5. The method according to claim 3 or 4, characterized in that, The calculation of the pooling kernel position index of each of the output feature data blocks, corresponding to the current input-output index of the target local input feature data block in the local input feature map, includes: The current input / output index of the target local input feature data block is calculated based on the following formula: ; ; in, The row coordinates of the current input / output index of the target local input feature data block. The row coordinates of the output feature map. The pooling step size is in the height direction. The amount of fill in the height direction of the local input feature map. The row coordinates of the current pooling kernel. The void ratio in the height direction. The column coordinates of the current input / output index of the target local input feature data block. The column coordinates of the output feature map. The pooling step size is in the width direction. This refers to the amount of padding in the width direction of the local input feature map. The column coordinates of the current pooling kernel. This represents the void ratio in the width direction.

6. The method according to claim 1, characterized in that, The parallel pooling process for the current local input feature data blocks required for pooling the current pooling kernel of each local input feature map in the vector registers of each sub-thread in the local memory includes: In each sub-thread of the local memory, the current input / output index that has a mapping relationship with each current output feature data block is determined from the input / output index mapping table according to each current output feature data block; Multiple current local input feature data blocks are determined from the current local input feature map based on the current input-output index of each local input feature map; Each of the current local input feature data blocks is pooled in parallel using each of the current pooling kernels.
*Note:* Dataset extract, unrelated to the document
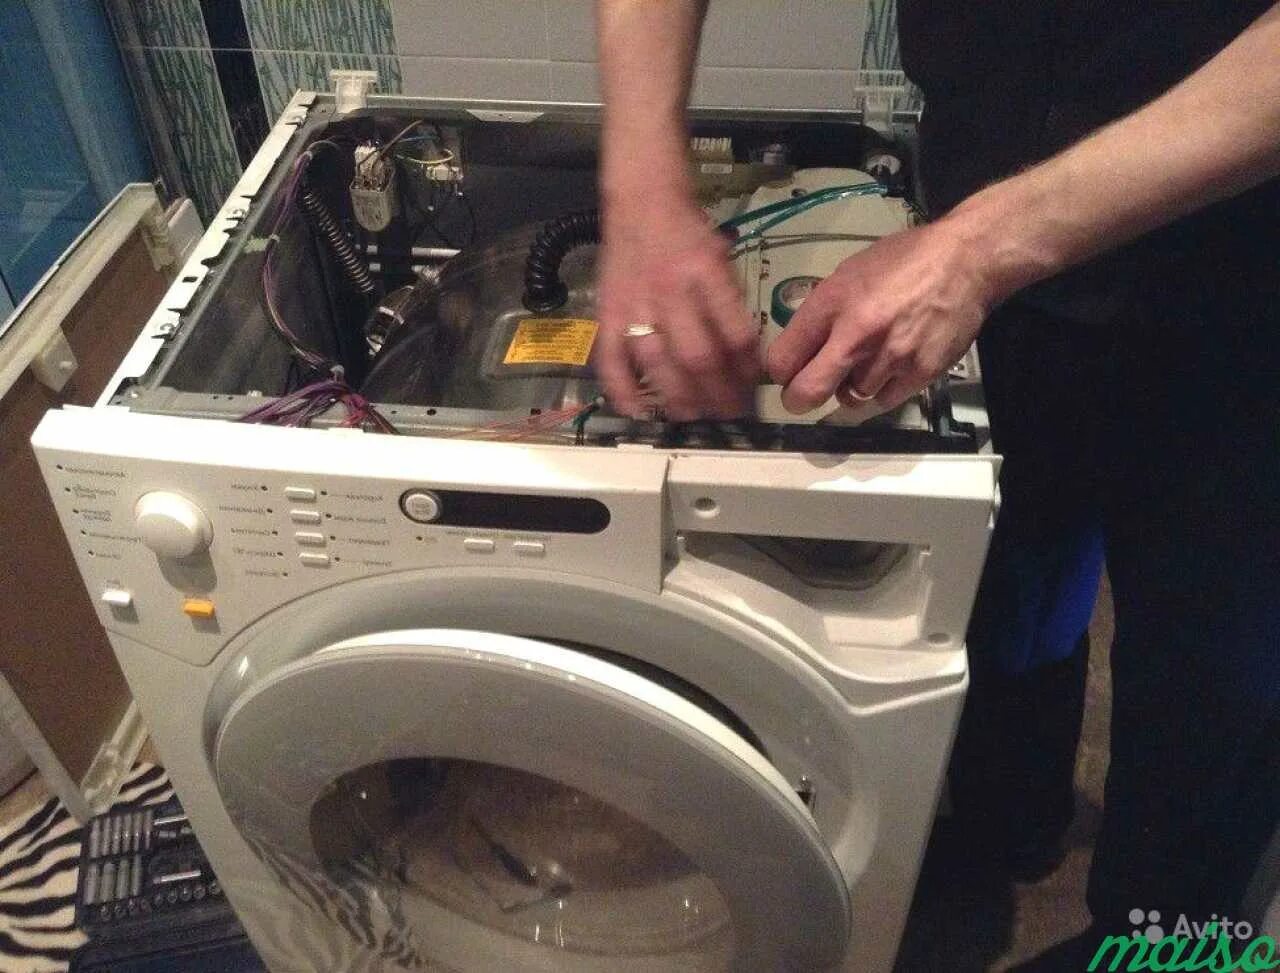 Ремонт стиральных машин ивантеевка. Ремонт стиральных машин. Мастер по ремонту стиральных машинок. Мастер по стиральным машинам. Сломалась стиральная машина.

7. The method according to claim 1, characterized in that, Each sub-thread in the local memory is provided with a dual-input buffer area, the dual-input buffer area including a first input buffer area and a second input buffer area; the method further includes: Pooling operations are performed using the first input buffer area, and asynchronous data transfer operations are performed in parallel using the second input buffer area during the pooling operations in the first input buffer area. After the pooling operation of the first input buffer region is completed, the region indices of the first input buffer region and the second input buffer region are swapped.

8. An electronic device, characterized in that, The electronic device includes: At least one processor; and A memory communicatively connected to the at least one processor; wherein, The memory stores a computer program that is executed by the at least one processor to enable the at least one processor to perform the feature data pooling method according to any one of claims 1-7.

9. A computer-readable storage medium, characterized in that, The computer-readable storage medium stores computer instructions that cause a processor to execute the pooling method for feature data as described in any one of claims 1-7.

10. A computer program product, characterized in that, Includes a computer program / instruction, wherein the computer program / instruction, when executed by a processor, implements the feature data pooling method of any one of claims 1-7.